The problem: The whole listing, except its pictures, is to be repeated exactly.

Data block:
-.-.-

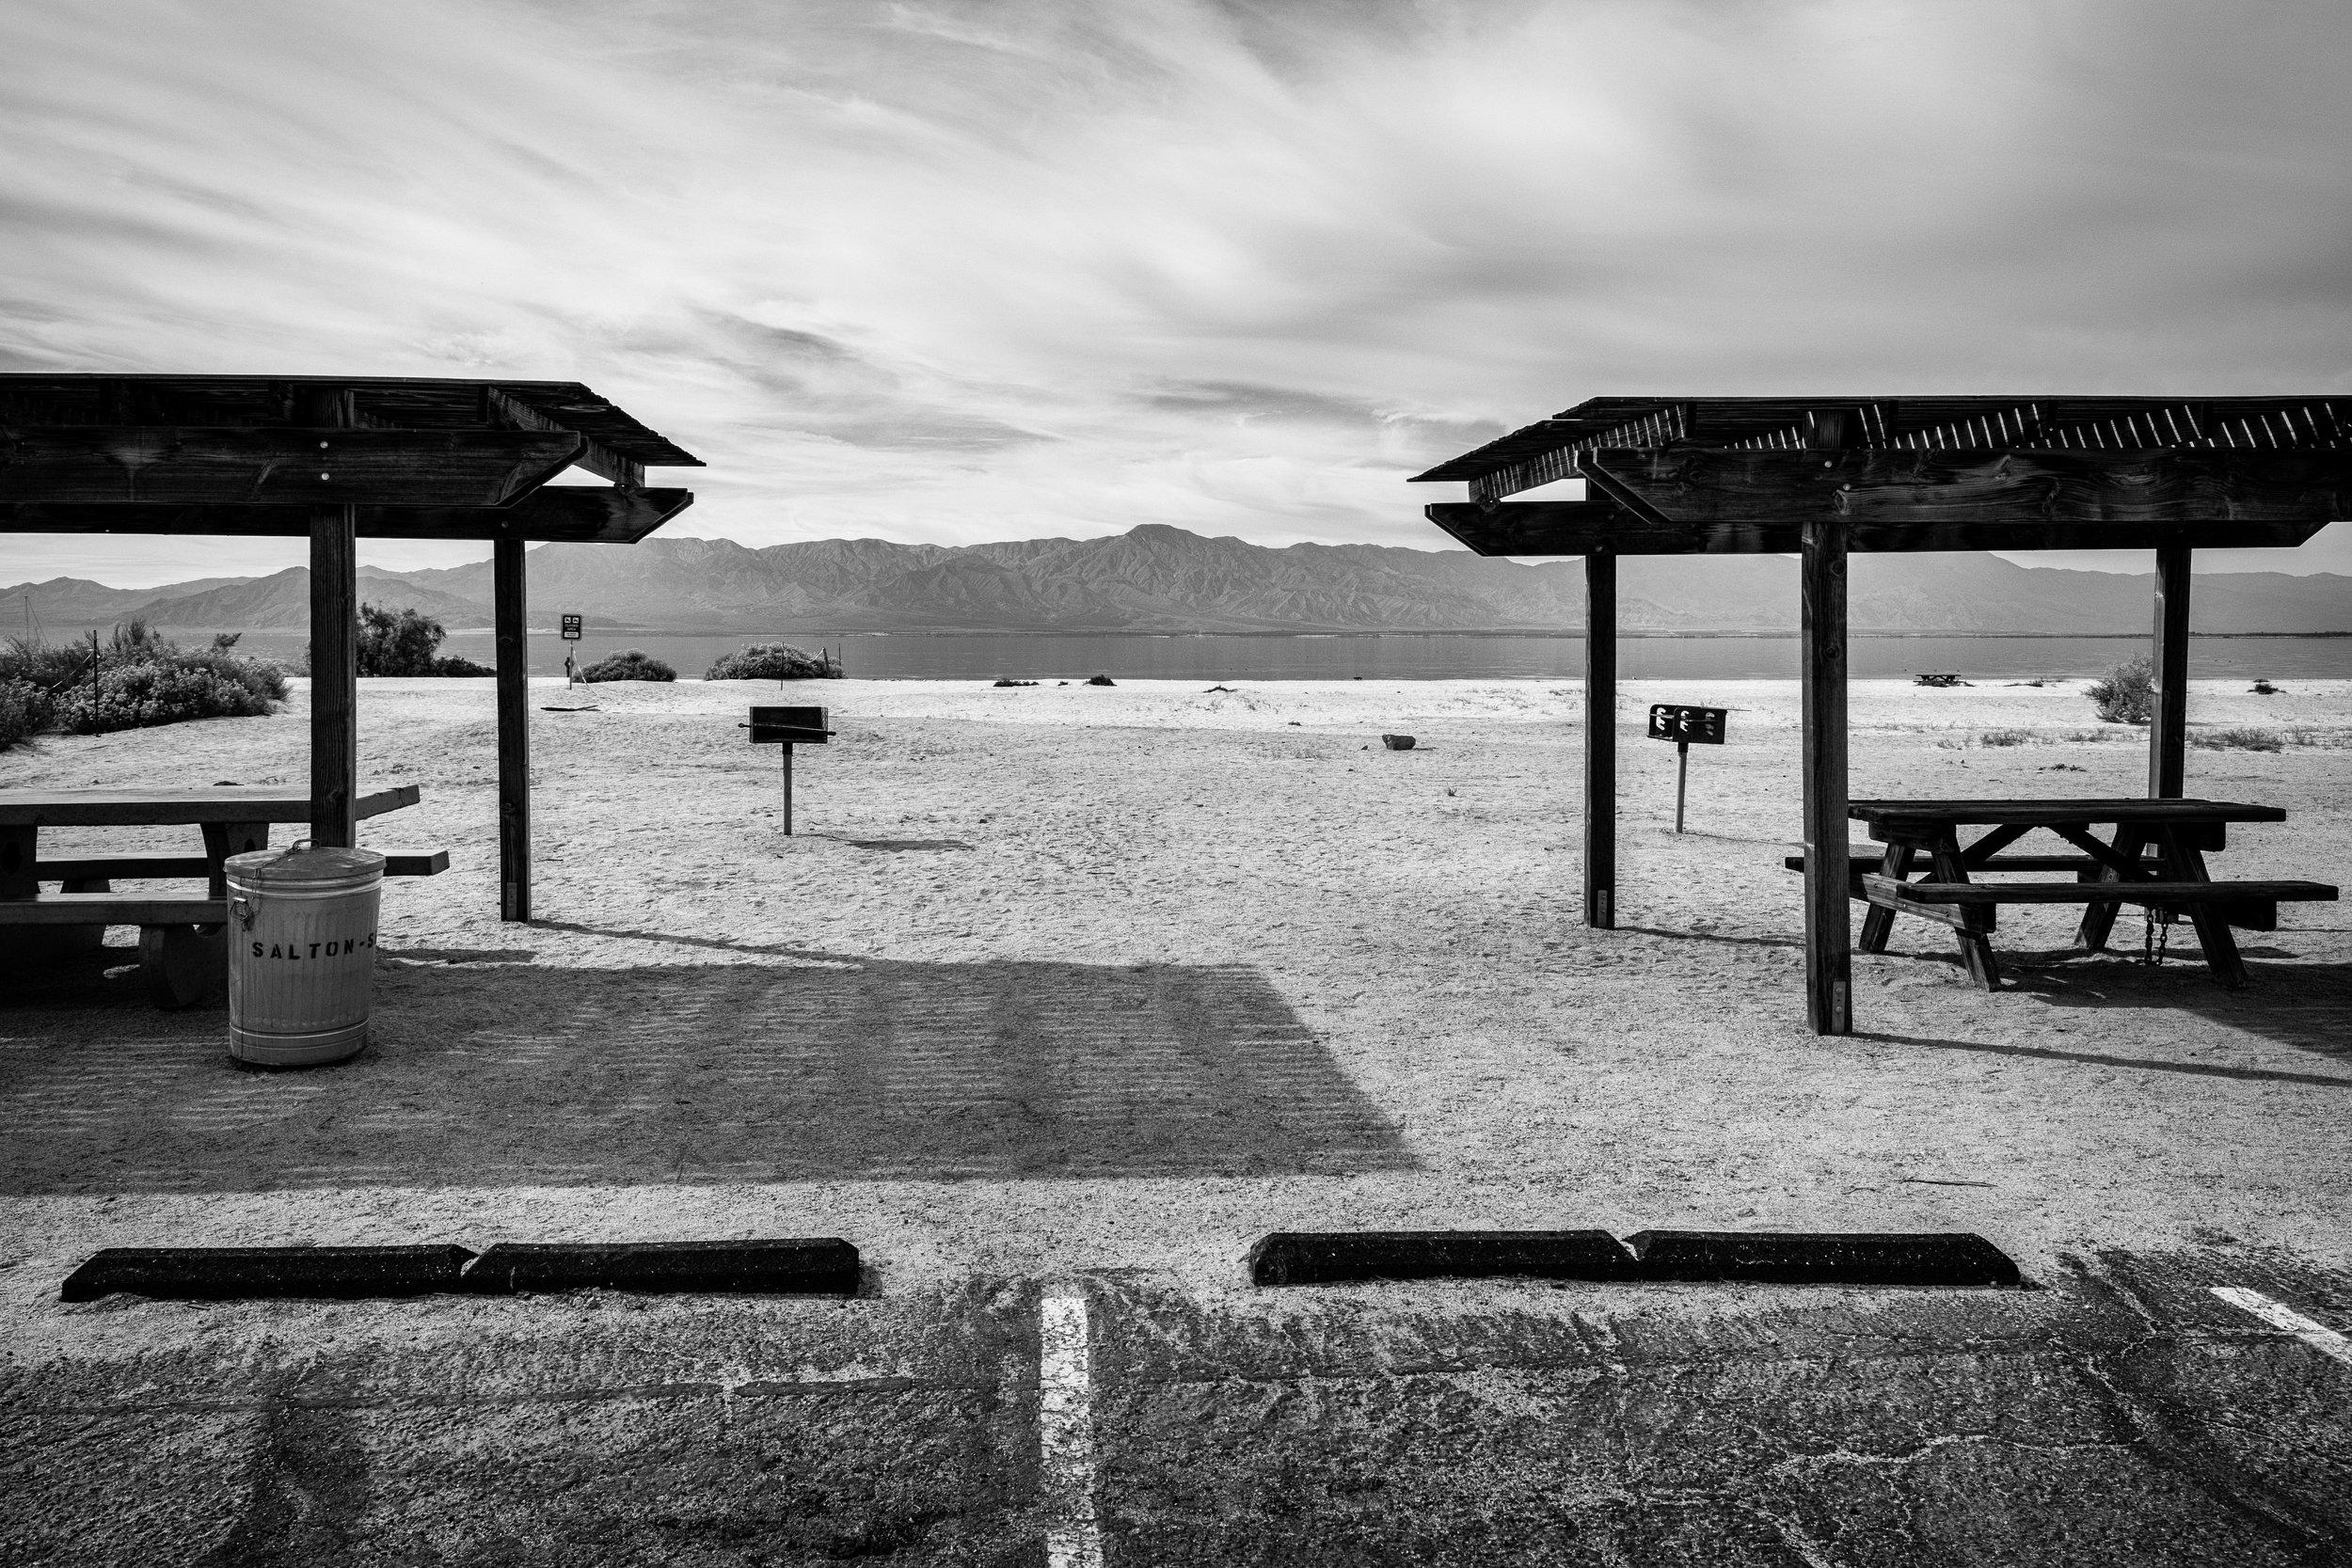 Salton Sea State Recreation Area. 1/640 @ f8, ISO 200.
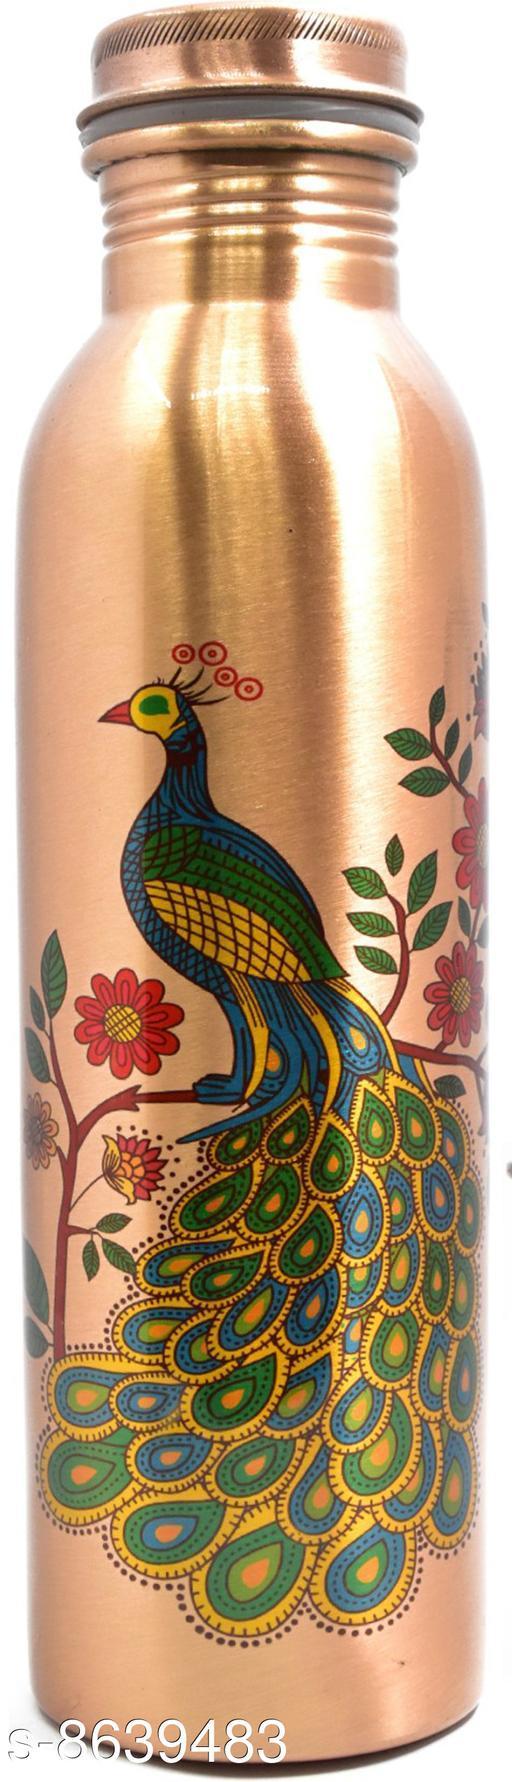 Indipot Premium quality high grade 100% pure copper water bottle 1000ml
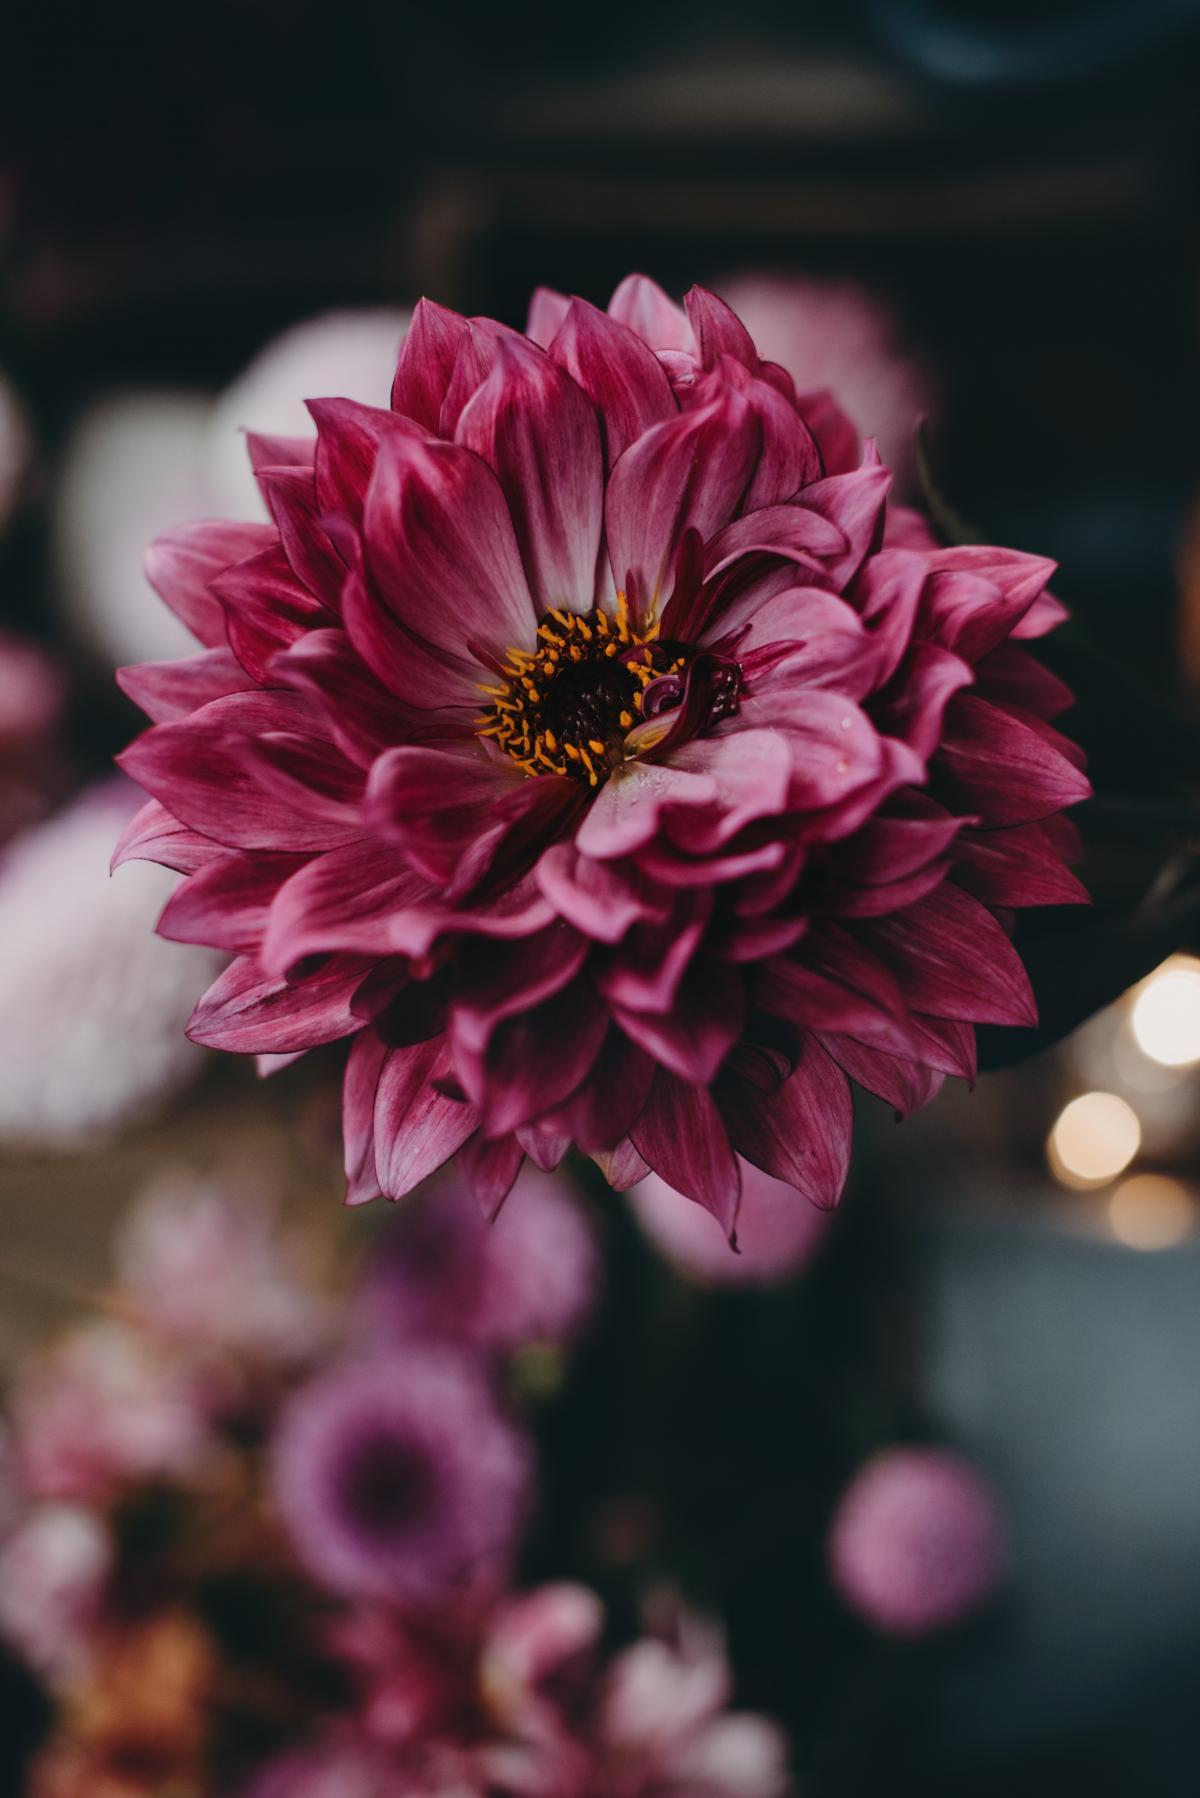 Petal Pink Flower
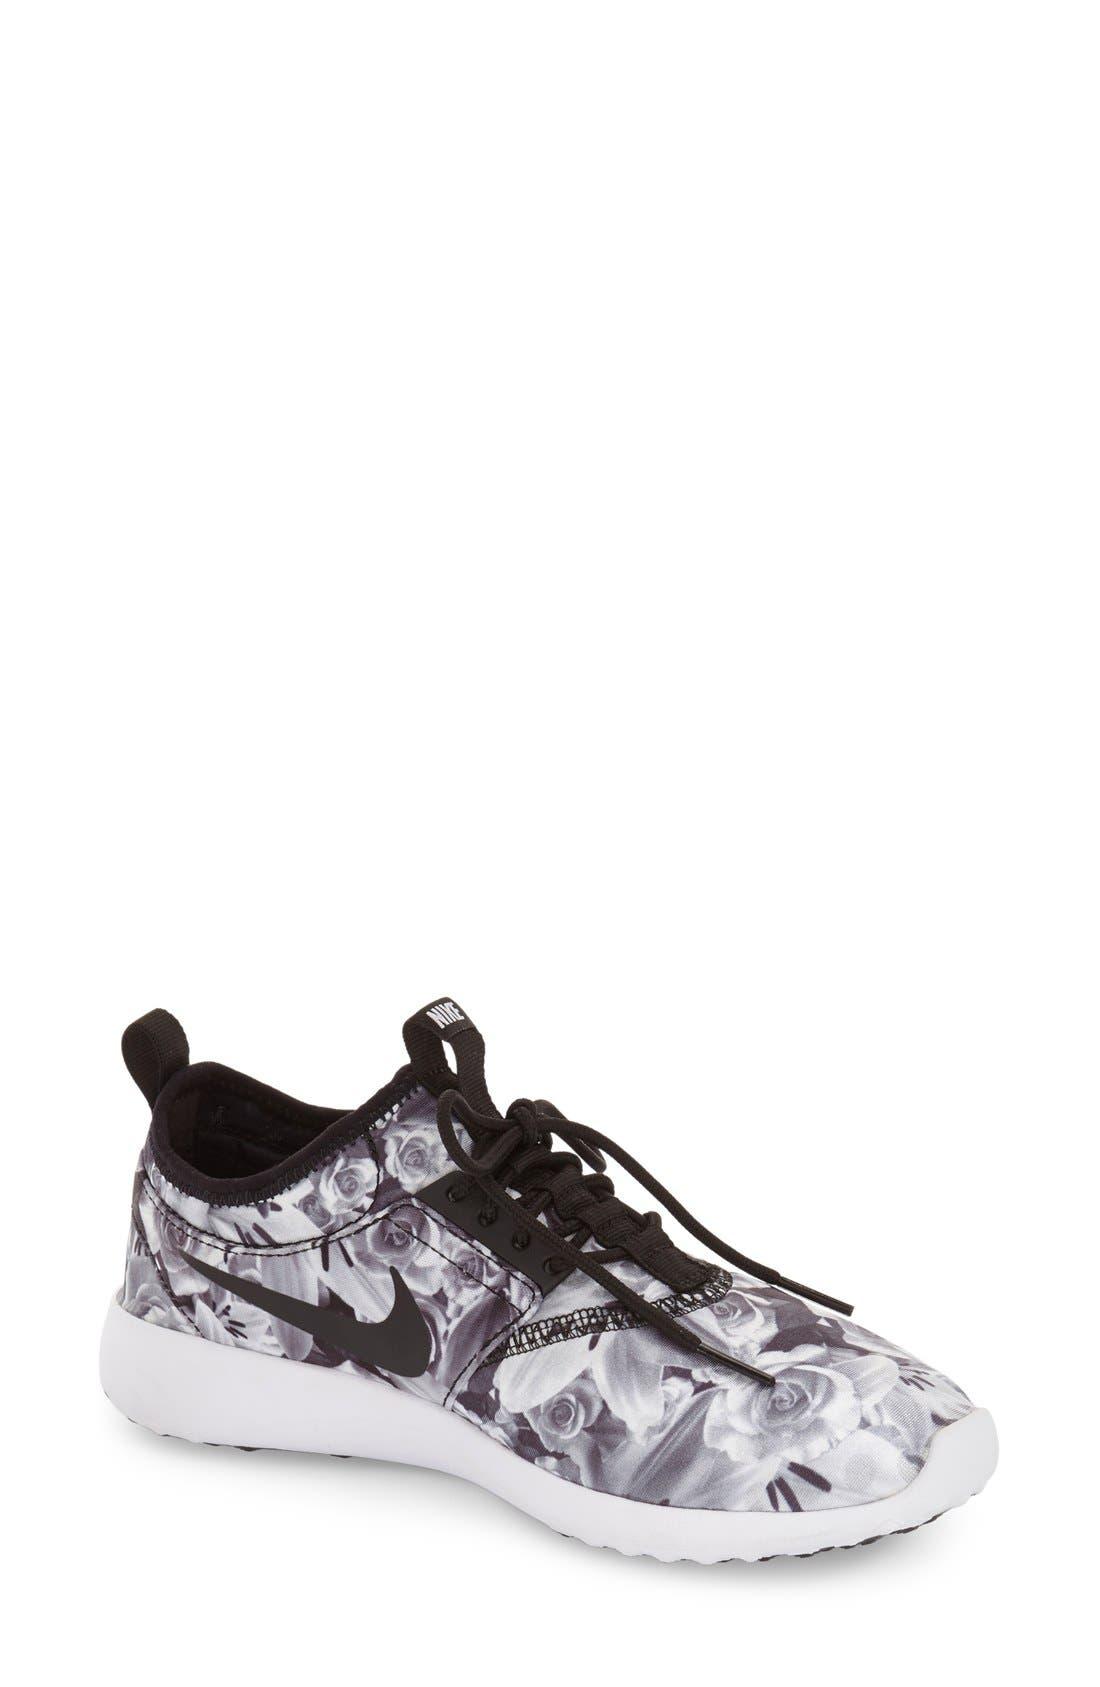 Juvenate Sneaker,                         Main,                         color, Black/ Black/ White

-.-.-

Result of the task:
 Salton Sea State Recreation Area. 1/640 @ f8, ISO 200.
 Indipot Premium quality high grade 100% pure copper water bottle 1000ml
 Petal Pink Flower
 Juvenate Sneaker,                         Main,                         color, Black/ Black/ White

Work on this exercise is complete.